(GIVEN RECORDS Opens)
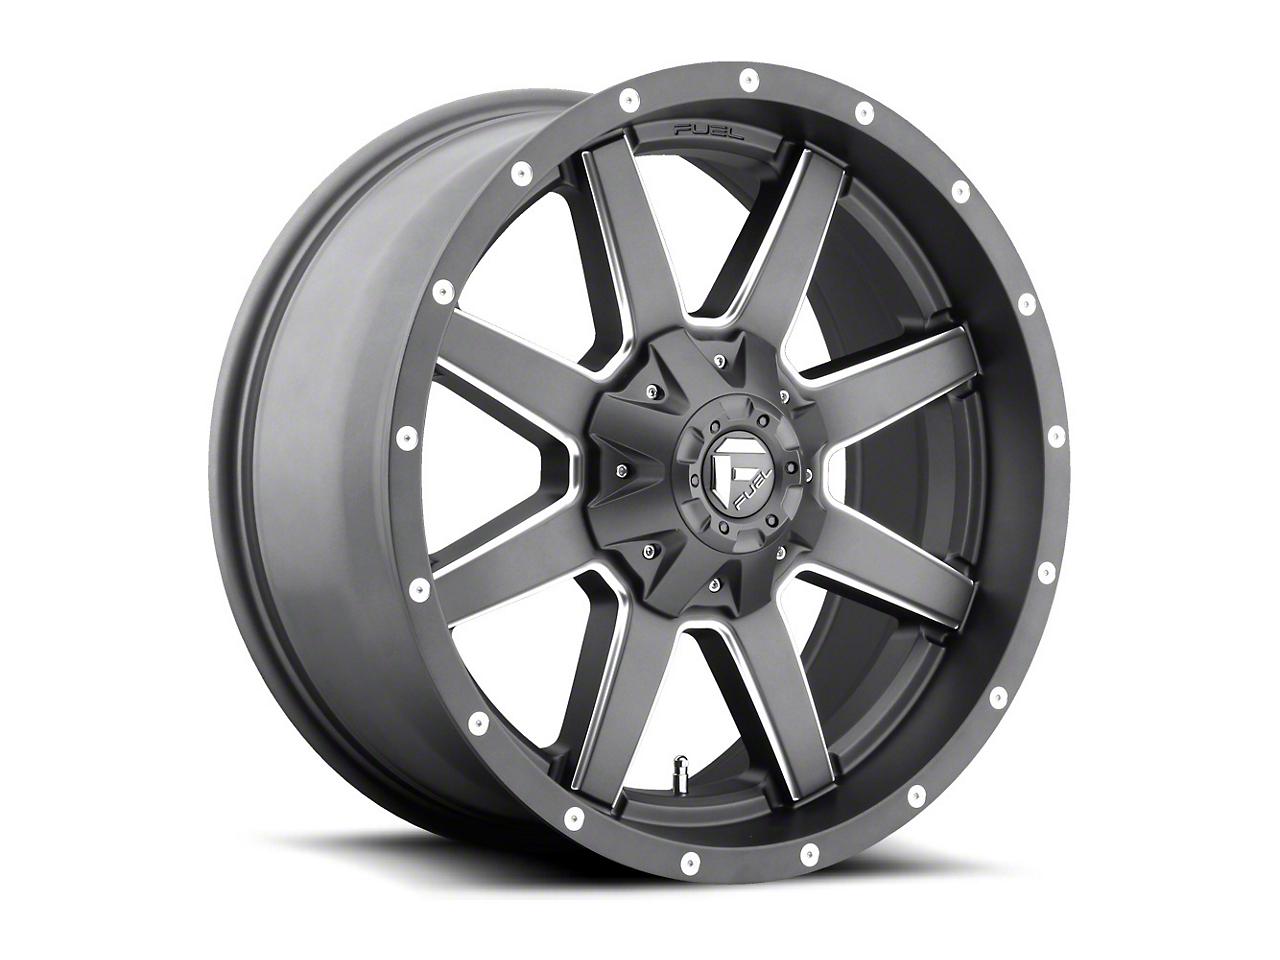 Fuel Wheels Maverick Gun Metal 5-Lug Wheel - 20x10 (02-18 RAM 1500, Excluding Mega Cab)
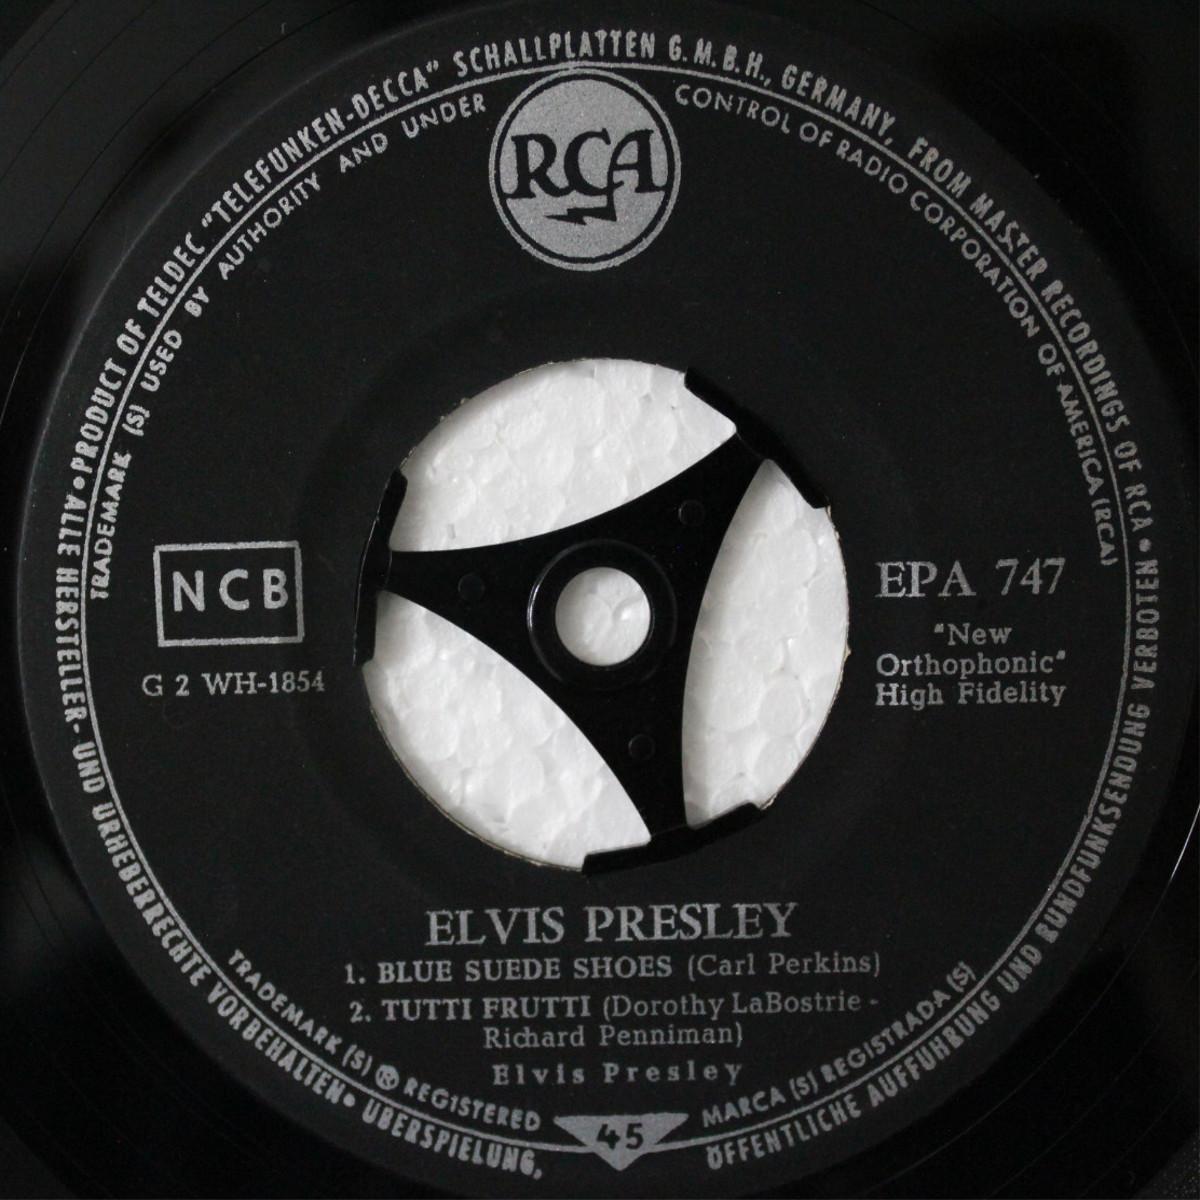 ELVIS PRESLEY Epa747chzj7u
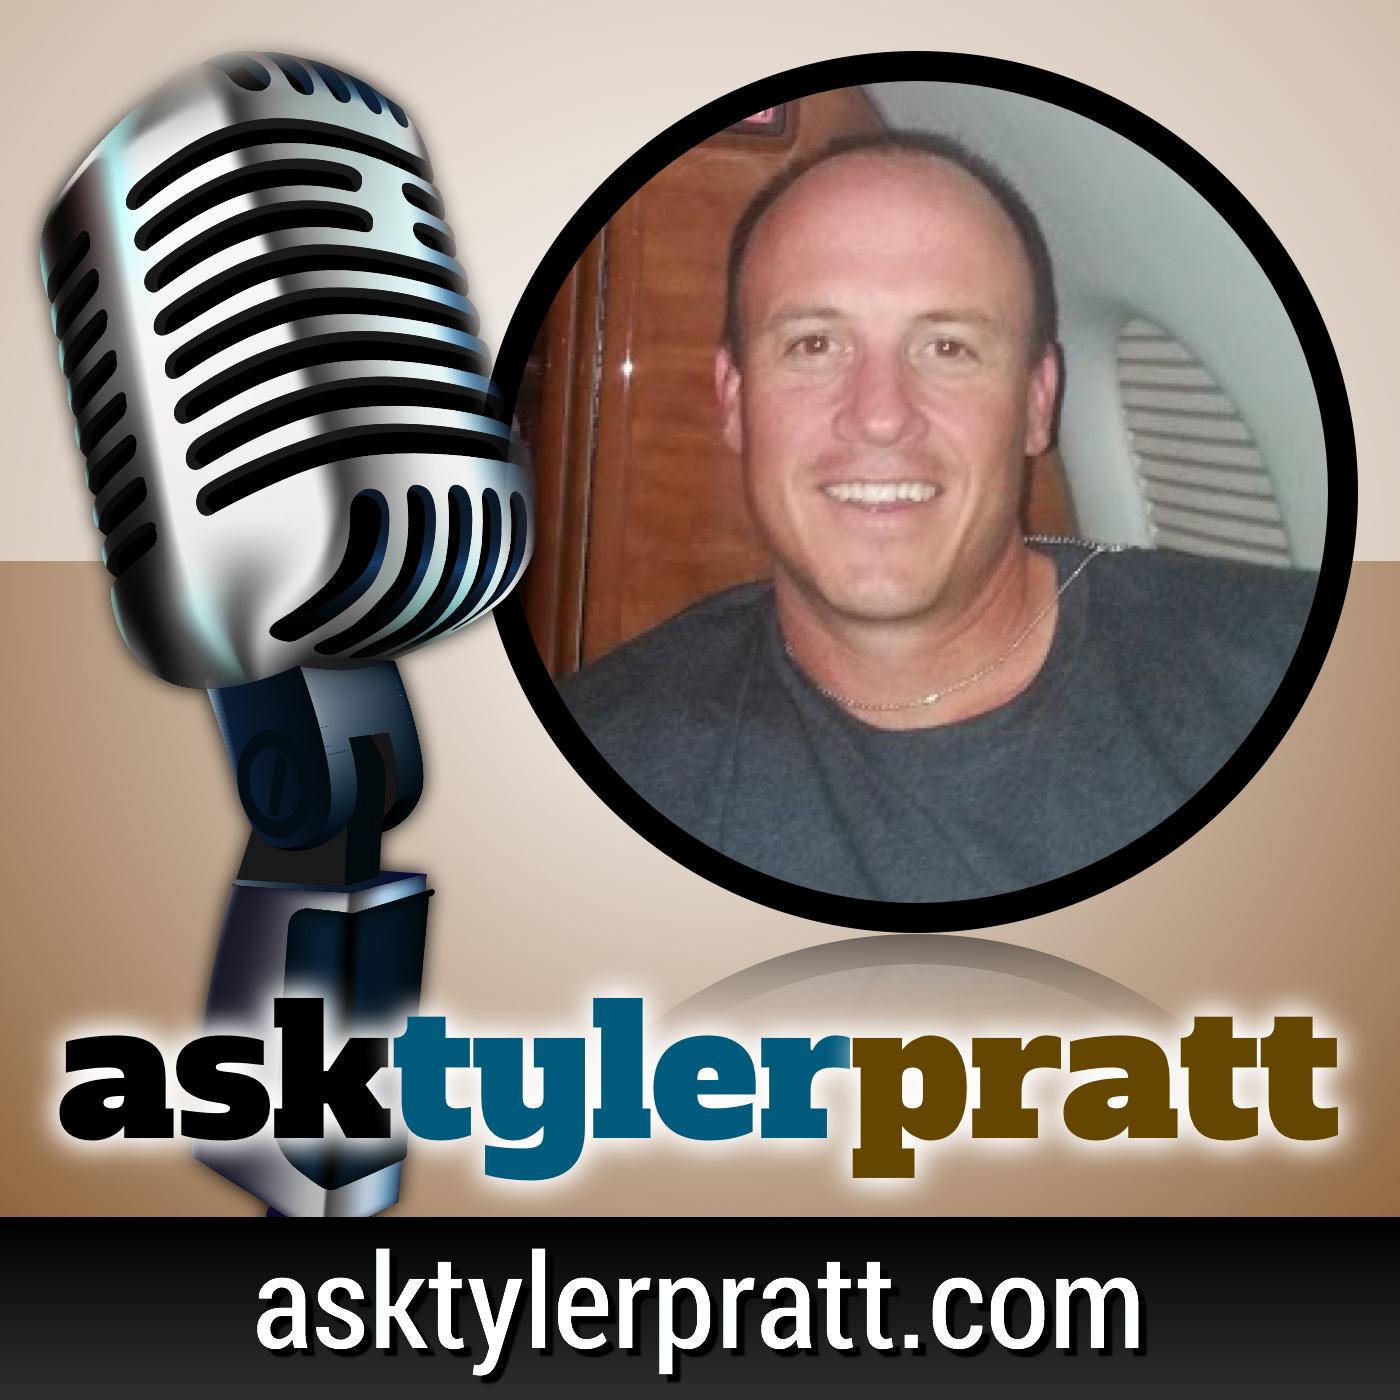 AskTylerPratt's Marketing Show
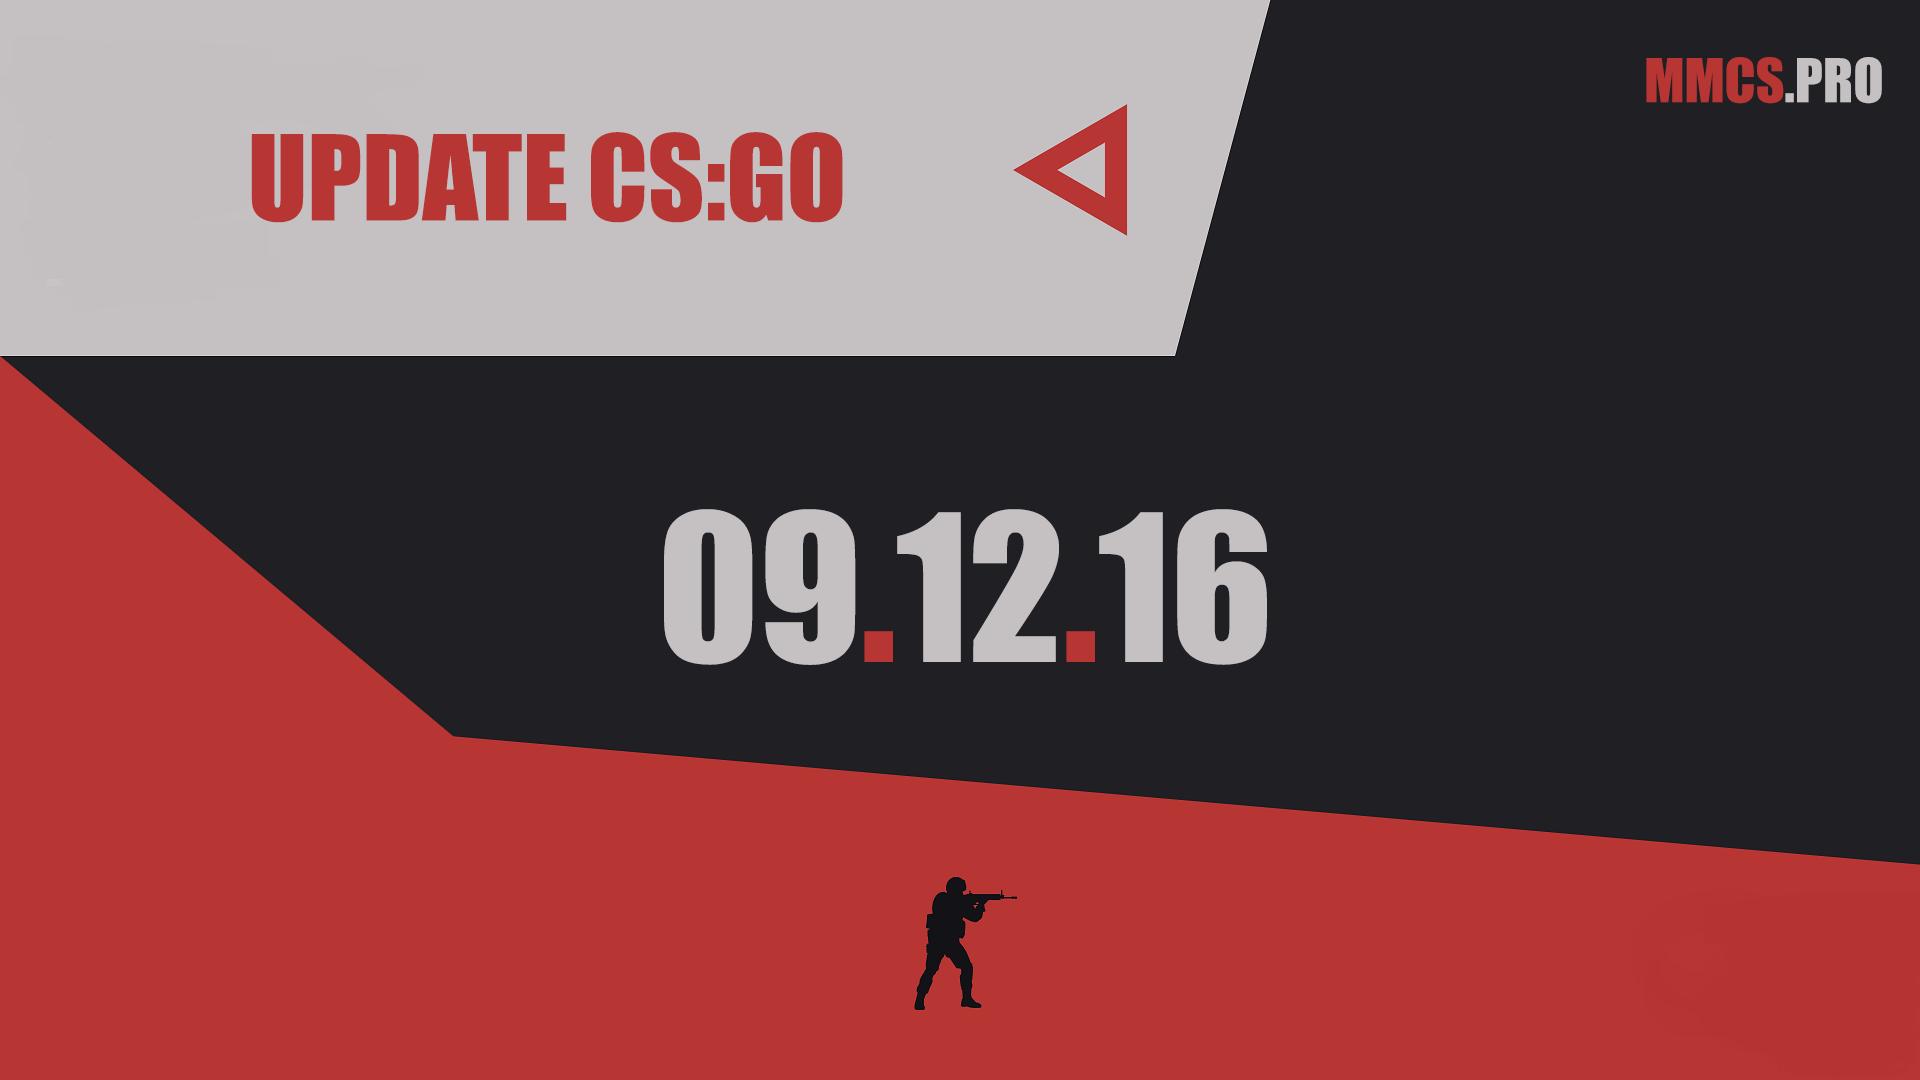 https://mmcs.pro/update-csgo-09-12-2016-valve/
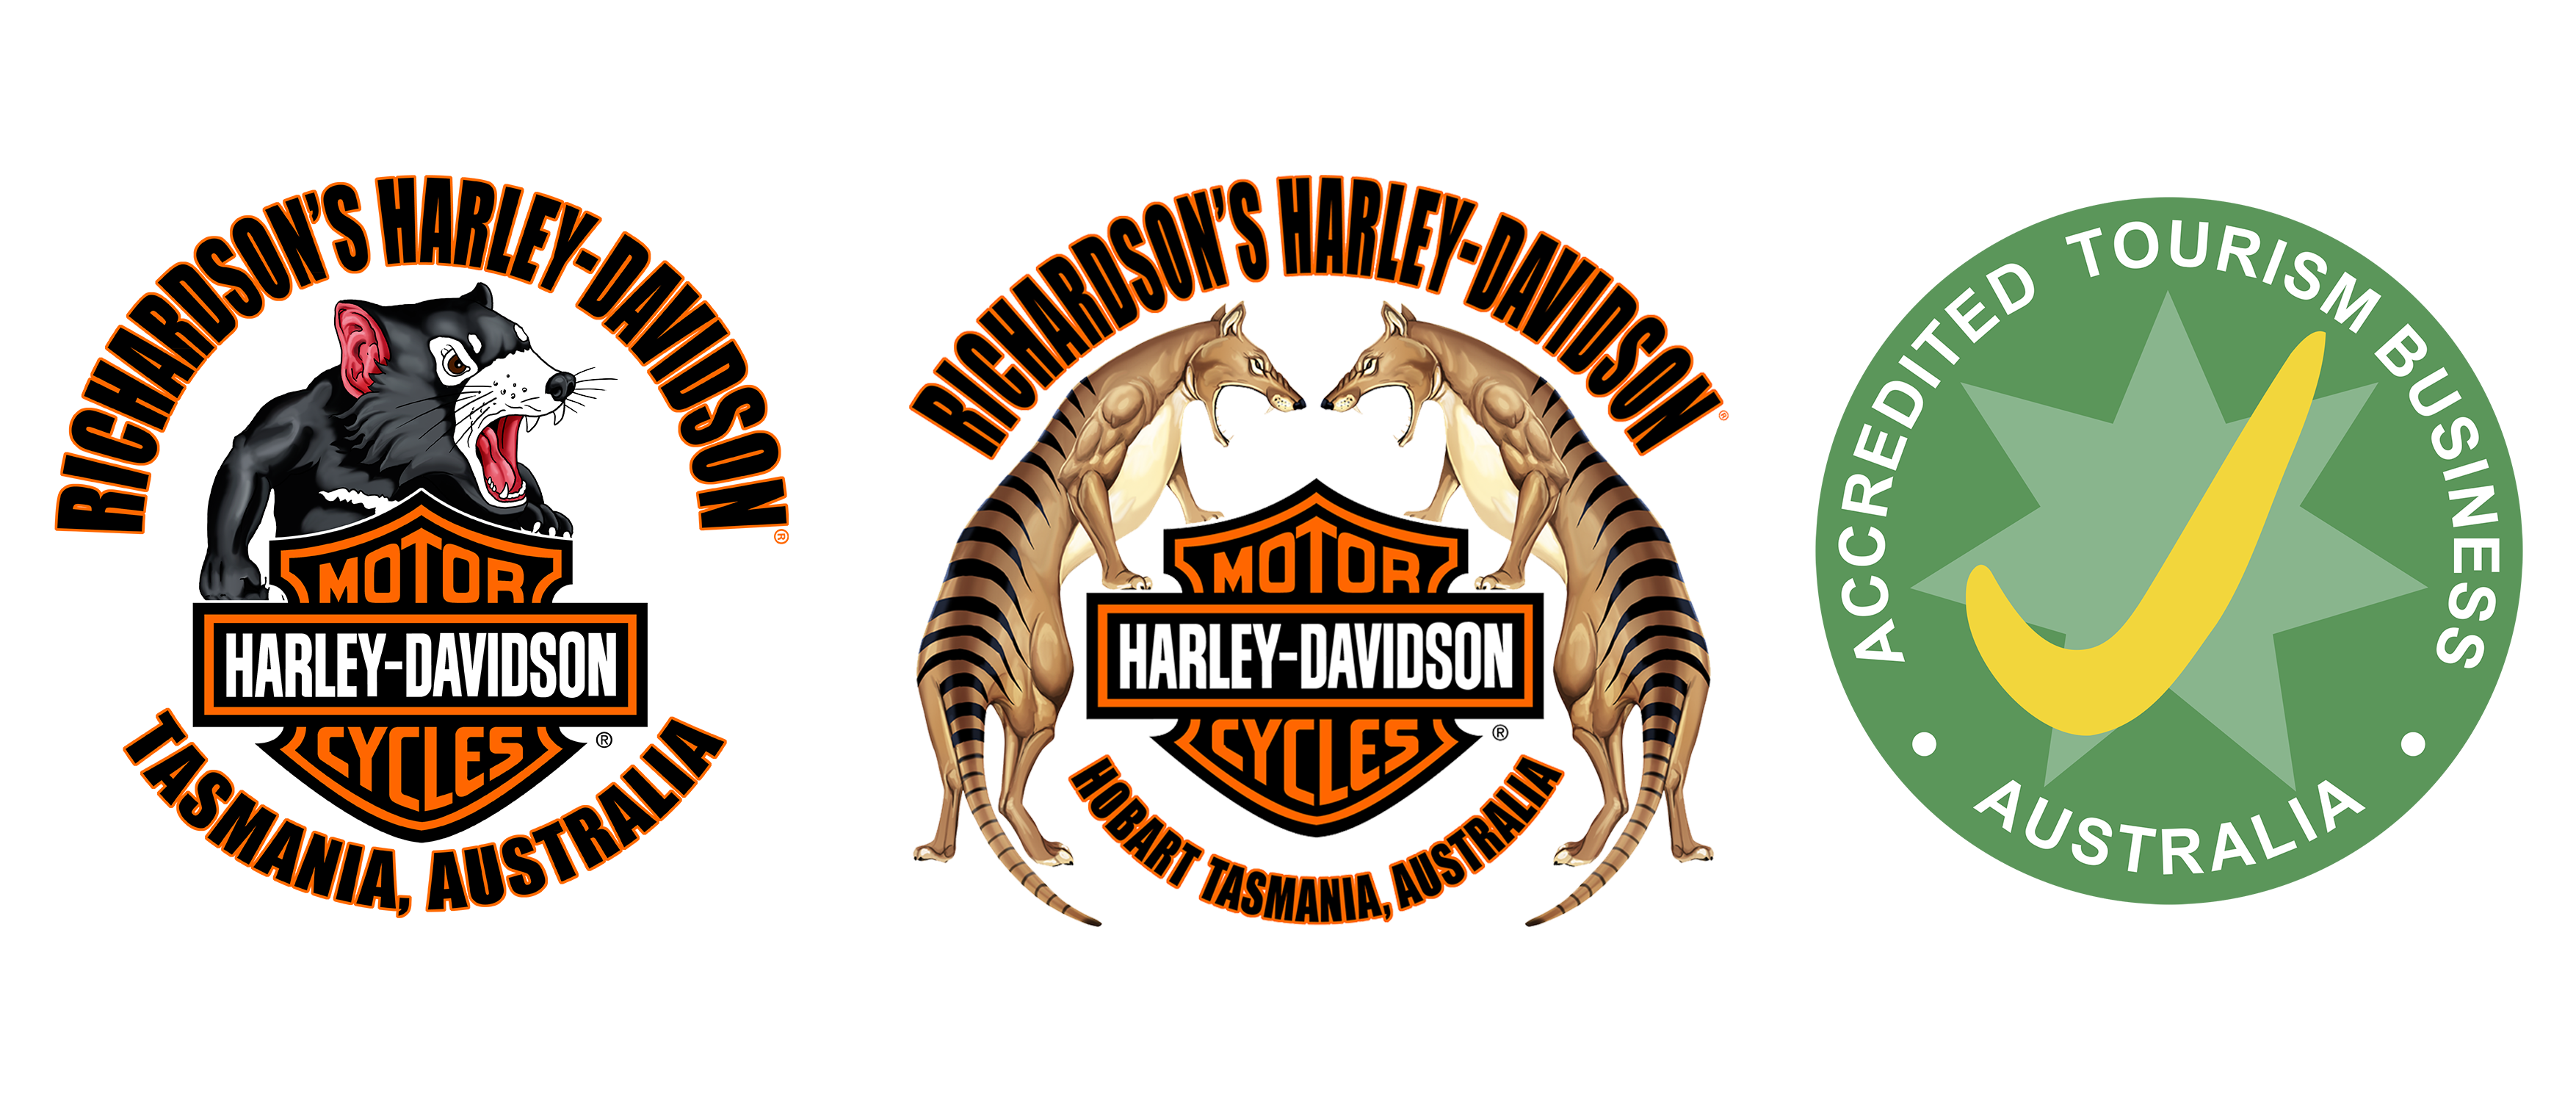 Richardson's Harley-Davidson<sup>®</sup>
(GIVEN RECORDS Closes)
[WHAT YOU HAVE TO DO] An exact transcription is needed, covering the line with "ELVIS PRESLEY Epa747chzj7u" and every line after it to the end of the entries, but not the pictures.

[SOLUTION TO THE PROBLEM]
 ELVIS PRESLEY Epa747chzj7u
 AskTylerPratt's Marketing Show
 https://mmcs.pro/update-csgo-09-12-2016-valve/
 Richardson's Harley-Davidson<sup>®</sup>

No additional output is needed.